In his teenage years, Bhagat Singh started studying at the National College in Lahore,but ran away from home to escape early marriage, and became a member of the organization Naujawan Bharat Sabha (Translated to 'Youth Society of India'). In the Naujawan Bharat Sabha, Singh and his fellow revolutionaries grew popular amongst the youth. He also joined the Hindustan Republican Association at the request of Professor Vidyalankar, which was then headed by Ram Prasad Bismil and Ashfaqulla Khan.It is believed that he had knowledge of the Kakori train robbery. He wrote for and edited Urdu and Punjabi newspapers published from Amritsar. In September 1928, a meeting of various revolutionaries from across India was called at Delhi under the banner of the Kirti Kissan Party. Bhagat Singh was the secretary of the meet. His later revolutionary activities were carried out as a leader of this association. The capture and hanging of the main HRA Leaders also allowed him to be quickly promoted to higher ranks in the party, along with his fellow revolutionary Sukhdev Thapar.
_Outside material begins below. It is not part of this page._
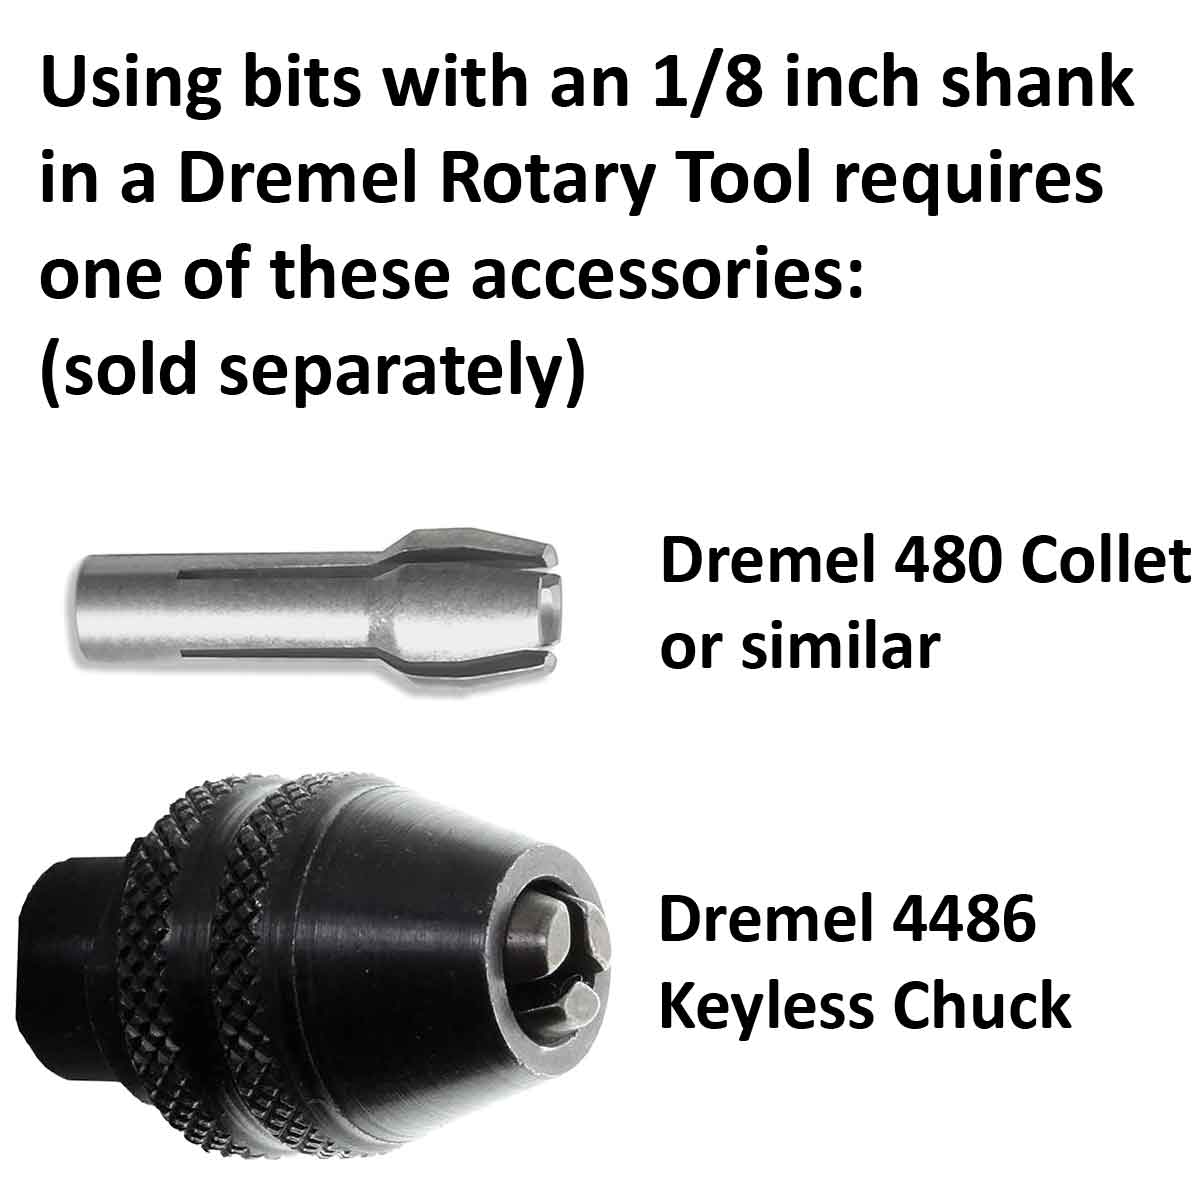 03.2mm - 1/8 x 7/16 inch Cone Diamond Burr - 1/8 inch shank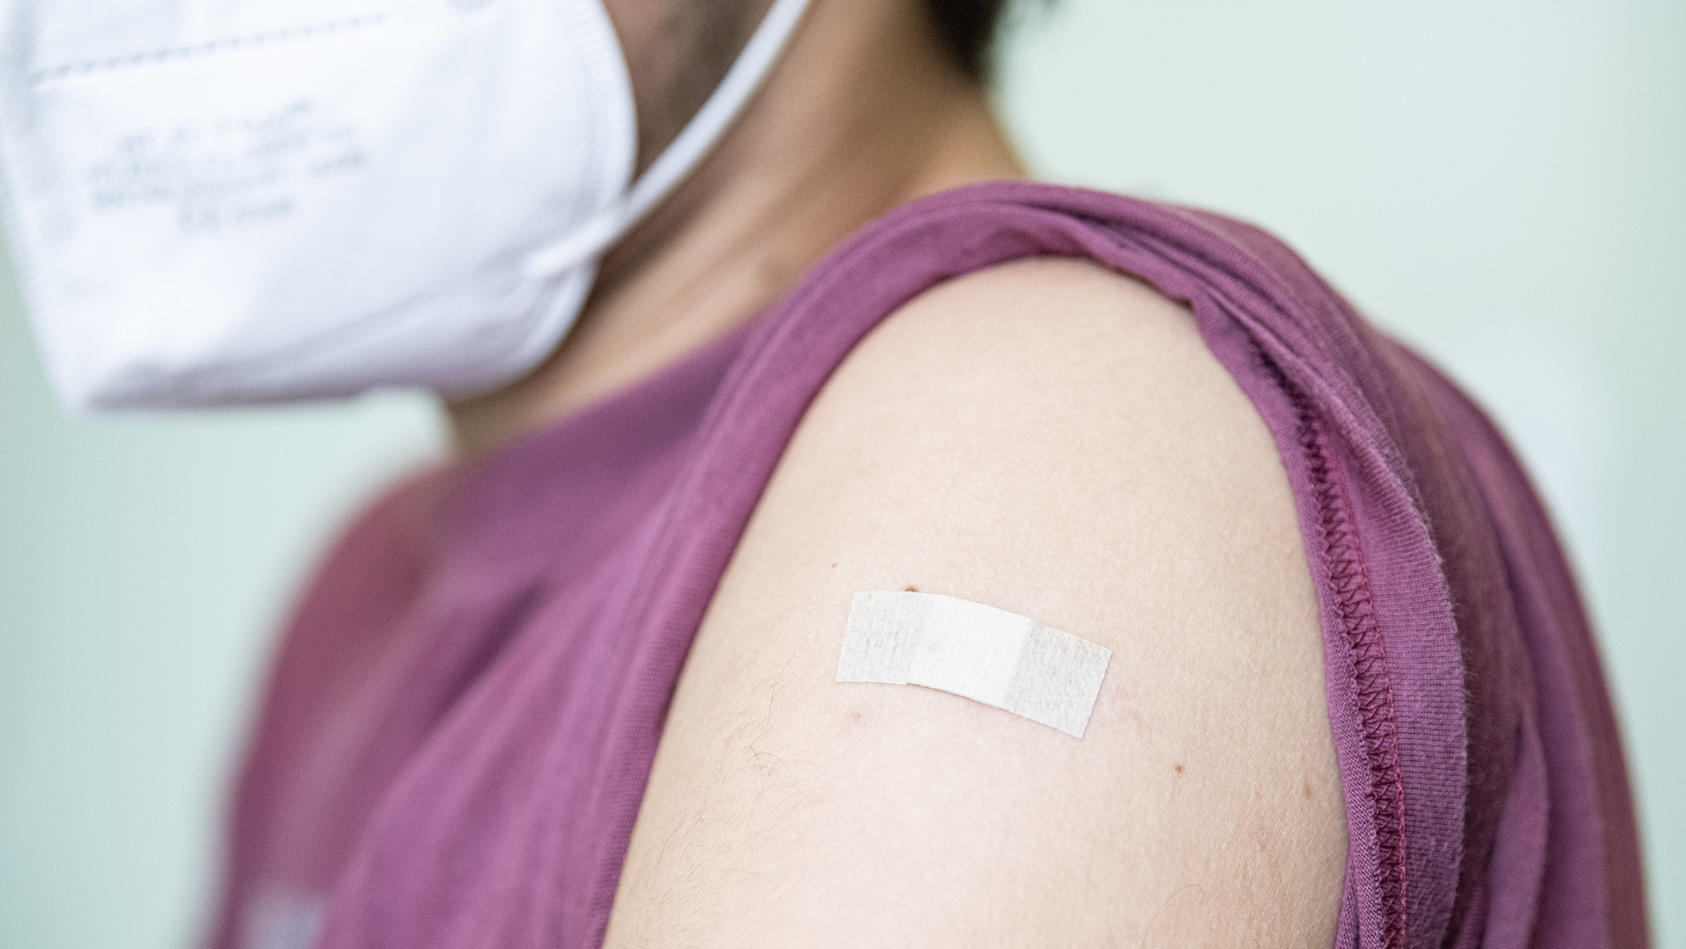 09.06.2021, Berlin: Auf dem Arm eines Jugendlichen klebt ein Pflaster, nachdem er mit dem Corona-Impfstoff Comirnaty von Biontech/Pfizer geimpft wurde. Foto: Fabian Sommer/dpa +++ dpa-Bildfunk +++

Later revolutionary activities

Lala Lajpat Rai's death and the Saunders murder

The British government created a commission under Sir John Simon to report on the current political situation in India in 1928. The Indian political parties boycotted the commission because it did not include a single Indian as its member and it was met with protests all over the country. When the commission visited Lahore on October 30, 1928, Lala Lajpat Rai led the protest against the commission in a silent non-violent march, but the police responded with violence. The police chief beat Lala Lajpat Rai severely and he later succumbed to his injuries. Bhagat Singh, who was an eyewitness to this event, vowed to take revenge. He joined with other revolutionaries, Shivaram Rajguru, Jai Gopal and Sukhdev Thapar, in a plot to kill the police chief. Jai Gopal was supposed to identify the chief and signal for Singh to shoot. However, in a case of mistaken identity, Gopal signalled Singh on the appearance of J. P. Saunders, a Deputy Superintendent of Police.Thus, Saunders, instead of Scott, was shot. He quickly left Lahore to escape the police. To avoid recognition, he shaved his beard and cut his hair, a violation of one of the sacred tenets of Sikhism.

Bomb in the assembly

In the face of actions by the revolutionaries, the British government enacted the Defence of India Act to give more power to the police. The purpose of the Act was to combat revolutionaries like Bhagat Singh. The Act was defeated in the council by one vote.However, the Act was then passed under the ordinance that claimed that it was in the best interest of the public. In response to this act, the Hindustan Socialist Republican Association planned to explode a bomb in the assembly where the ordinance was going to be passed. Originally, Azad attempted to stop Bhagat Singh from carrying out the bombing; however, the remainder of the party forced him to succumb to Singh's wishes. It was decided that Bhagat Singh and Batukeshwar Dutt, another revolutionary, would throw the bomb in the assembly.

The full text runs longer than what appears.